Records from a collection:
__________________________________________________

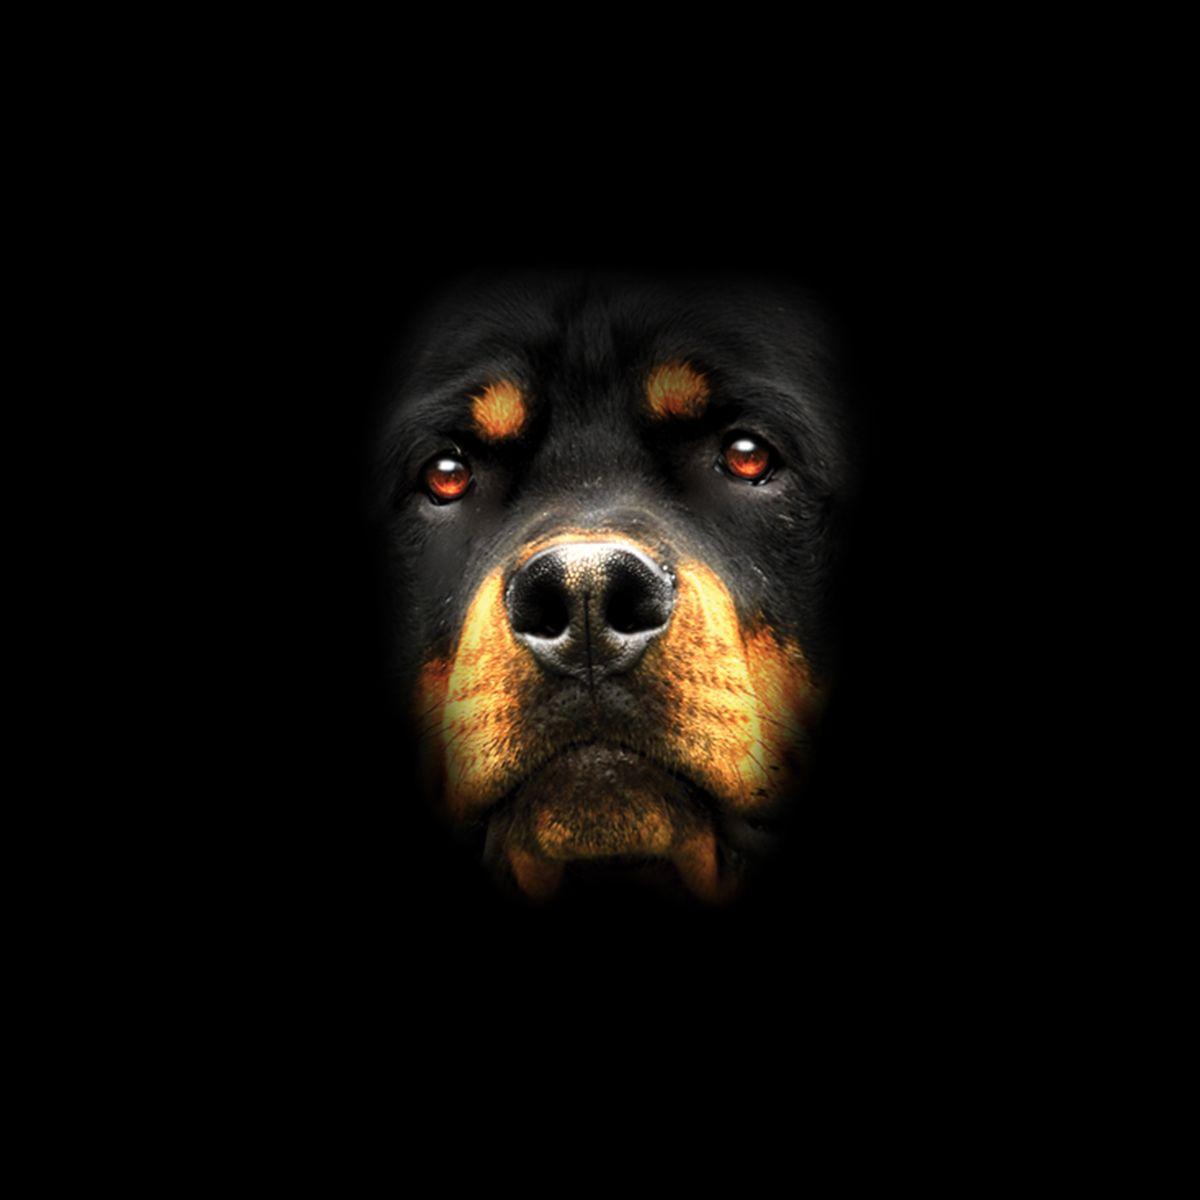 Rottweiler Logo - Details About Rottweiler Face Dog Animals Men T Shirt XS 5XL New
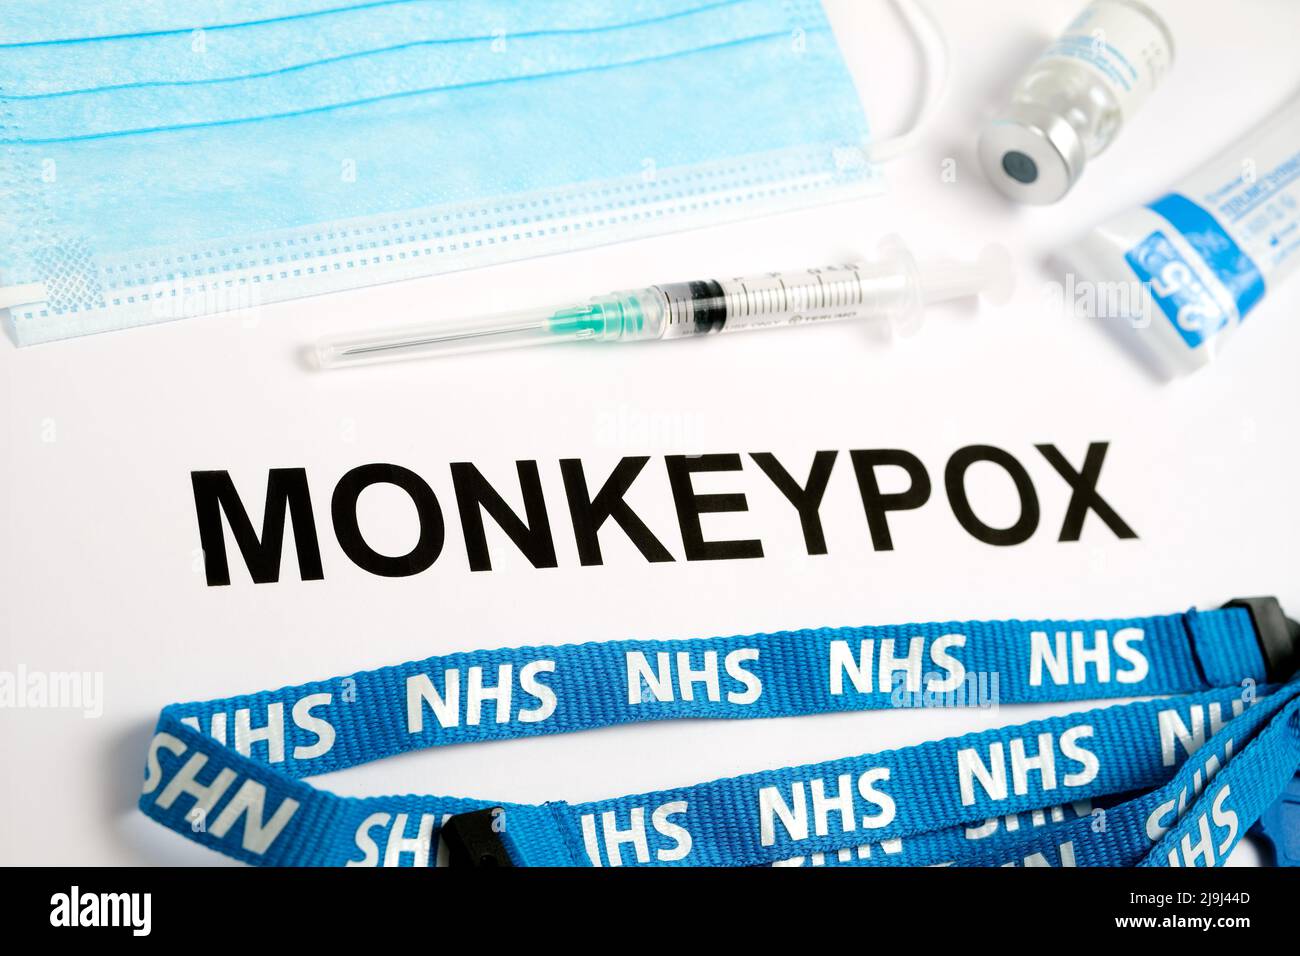 Nome dell'infezione DA MONKEYPOX visto stampato su carta con siringa e cordino NHS accanto ad essa. Concetto. Stafford, Regno Unito, 23 maggio 2022. Foto Stock
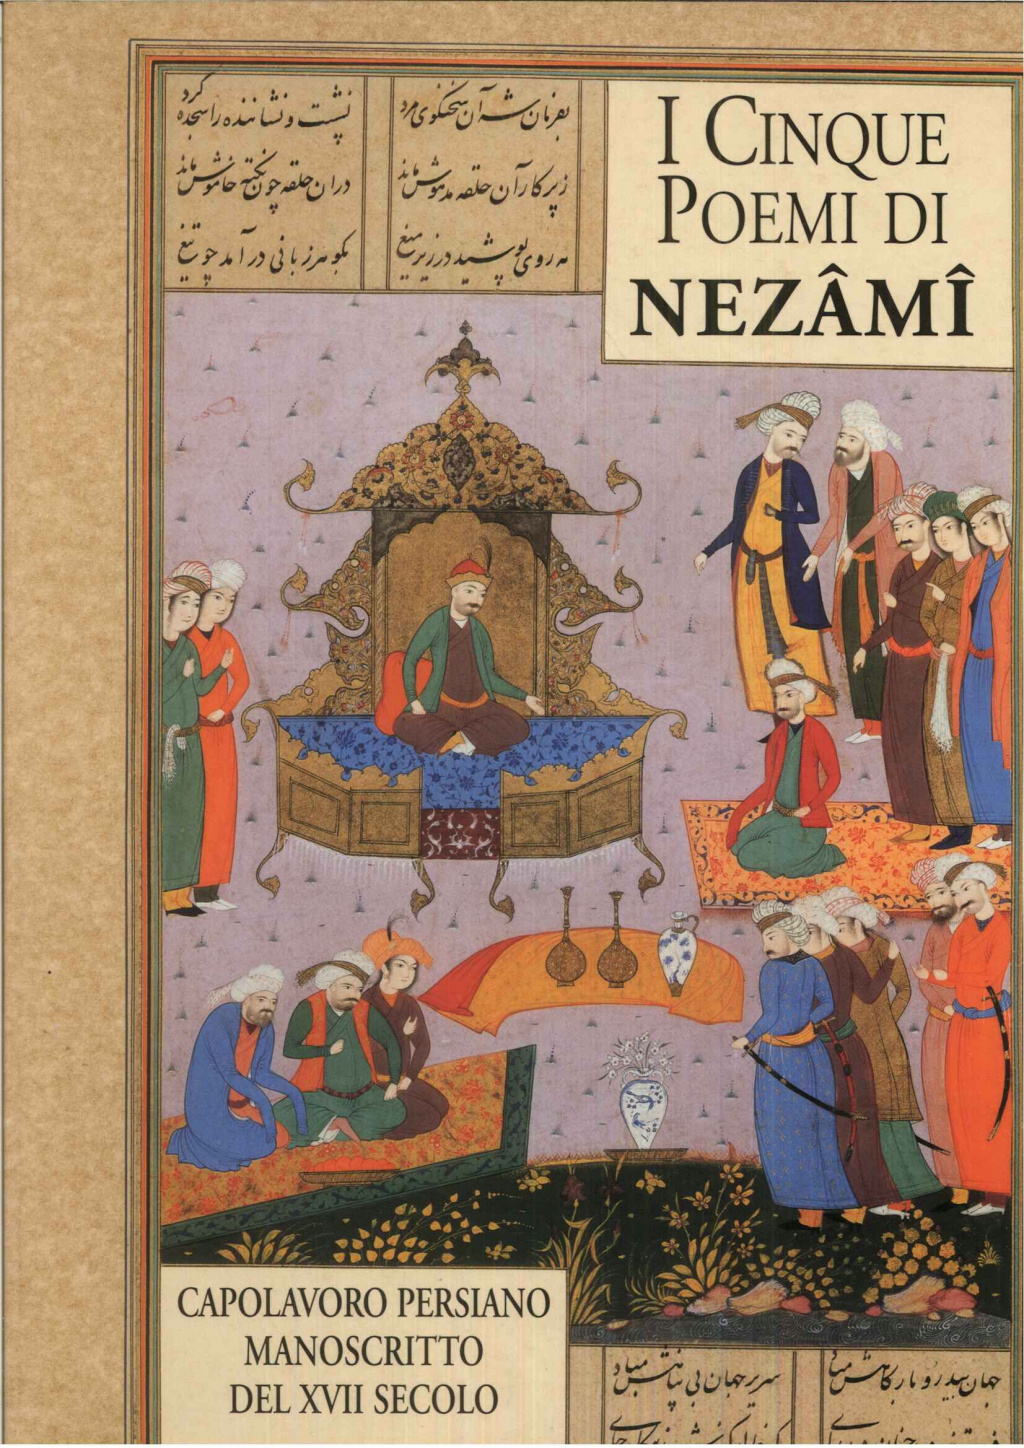 I cinque poemi di Nezami. Capolavoro persiano del XVII secolo
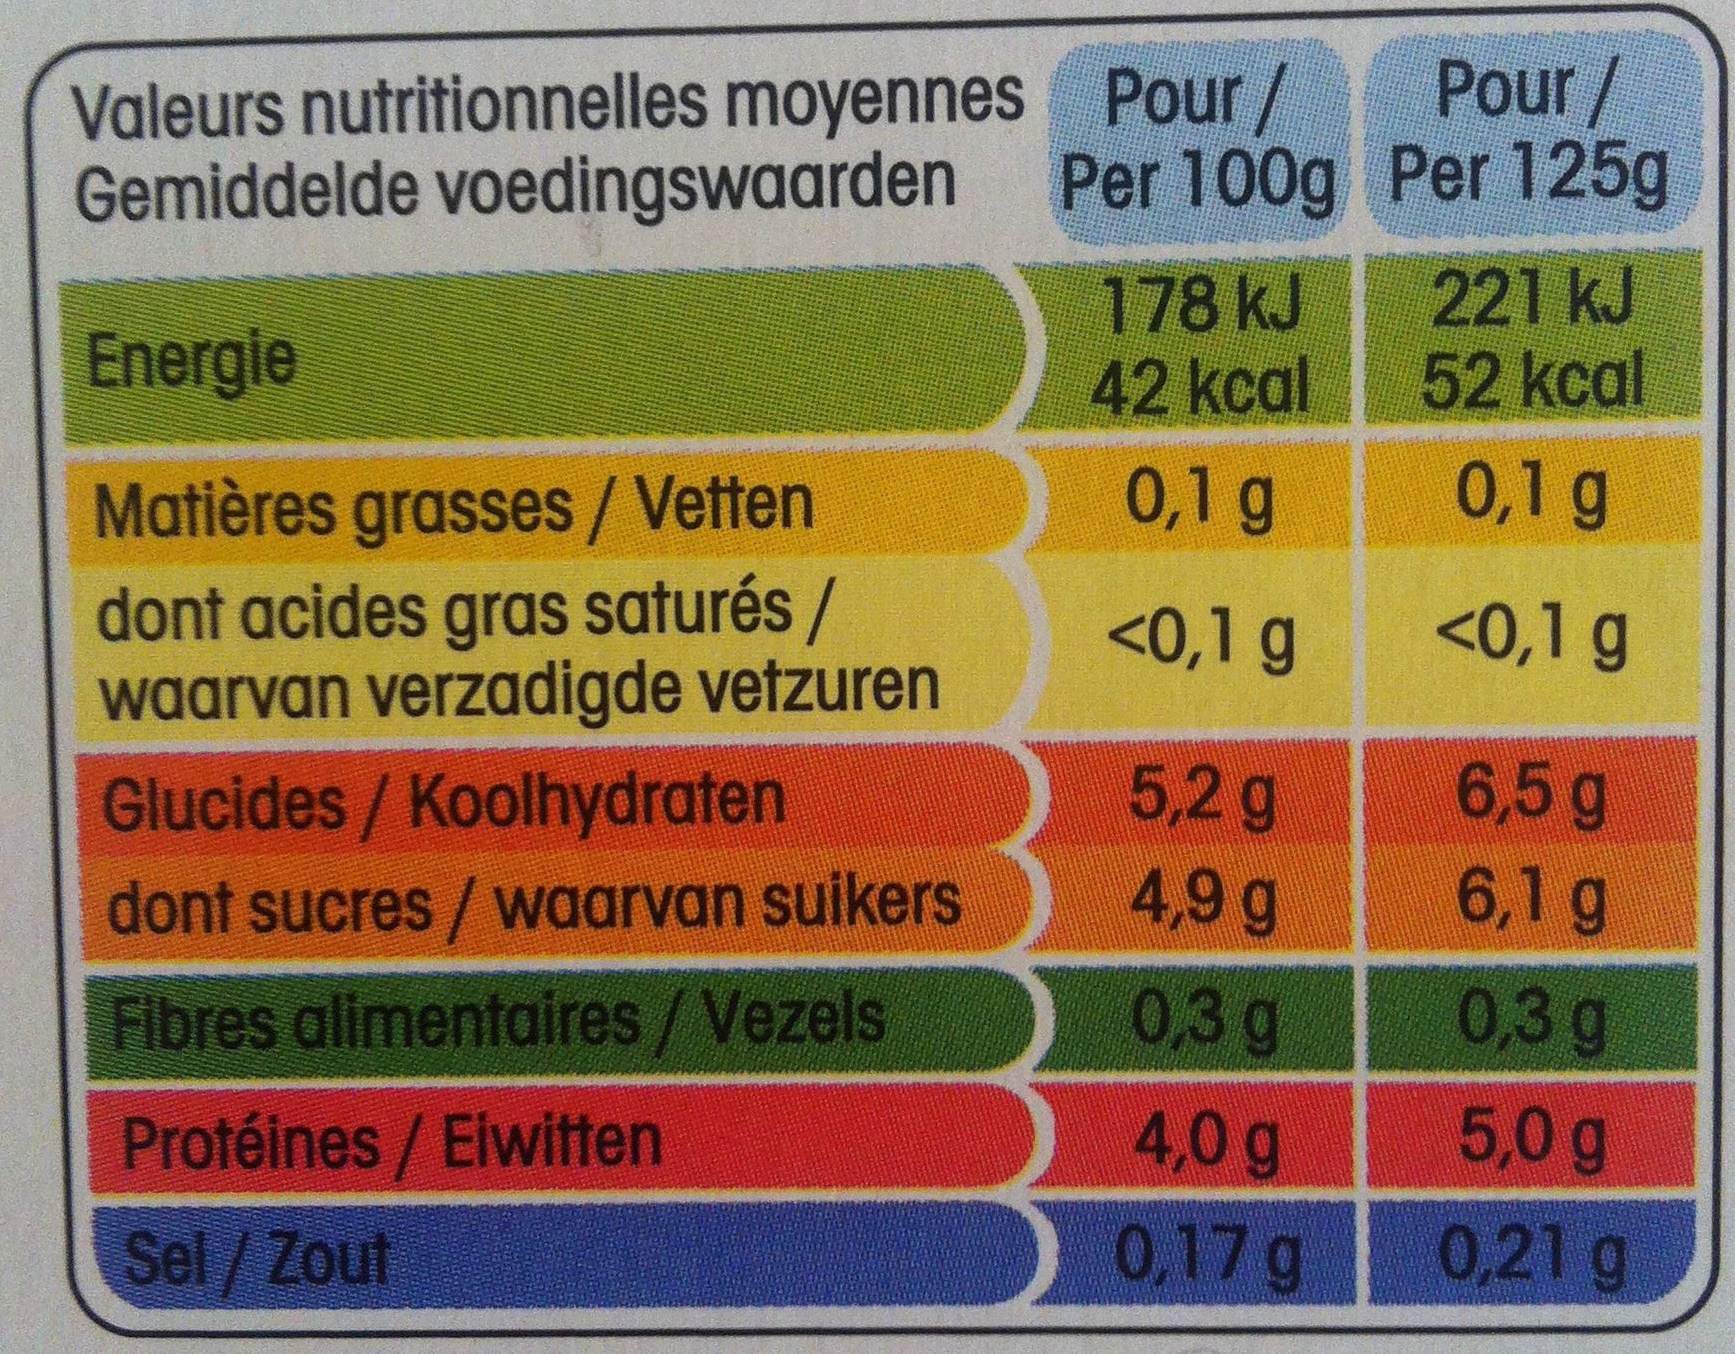 Panier de Yoplait  (0 % MG, 0 % Sucres ajoutés) - (Abricot, Ananas, Cerise, Fraise, Mûre, Pêche) 16 Pots - Informations nutritionnelles - fr
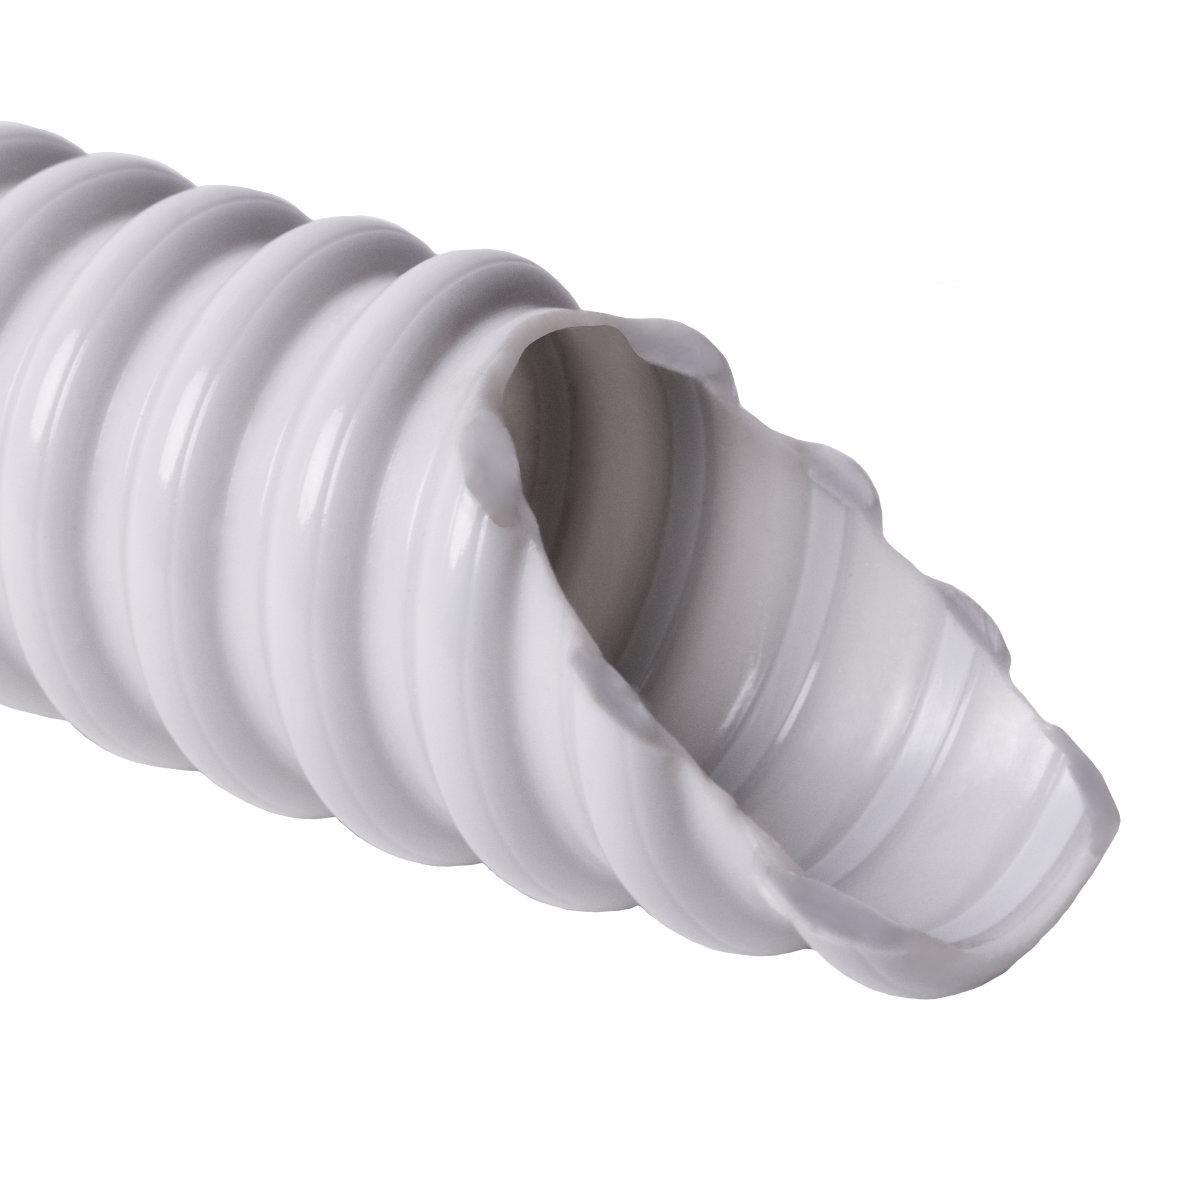 Труба гофрована електромонтажна армована спираллю SPIROFLEX самозагасаюча; 320 N/5см / 5 см; Ø20мм; твердий ПВХ; світло-сіра

__________________________________________________

> [What is expected] Start with the first line of the records above and end with the line containing "Panier de Yoplait". Output those lines exactly, pictures excluded.

> [Expected answer]
 Rottweiler Logo - Details About Rottweiler Face Dog Animals Men T Shirt XS 5XL New
 Nome dell'infezione DA MONKEYPOX visto stampato su carta con siringa e cordino NHS accanto ad essa. Concetto. Stafford, Regno Unito, 23 maggio 2022. Foto Stock
 I cinque poemi di Nezami. Capolavoro persiano del XVII secolo
 Panier de Yoplait  (0 % MG, 0 % Sucres ajoutés) - (Abricot, Ananas, Cerise, Fraise, Mûre, Pêche) 16 Pots - Informations nutritionnelles - fr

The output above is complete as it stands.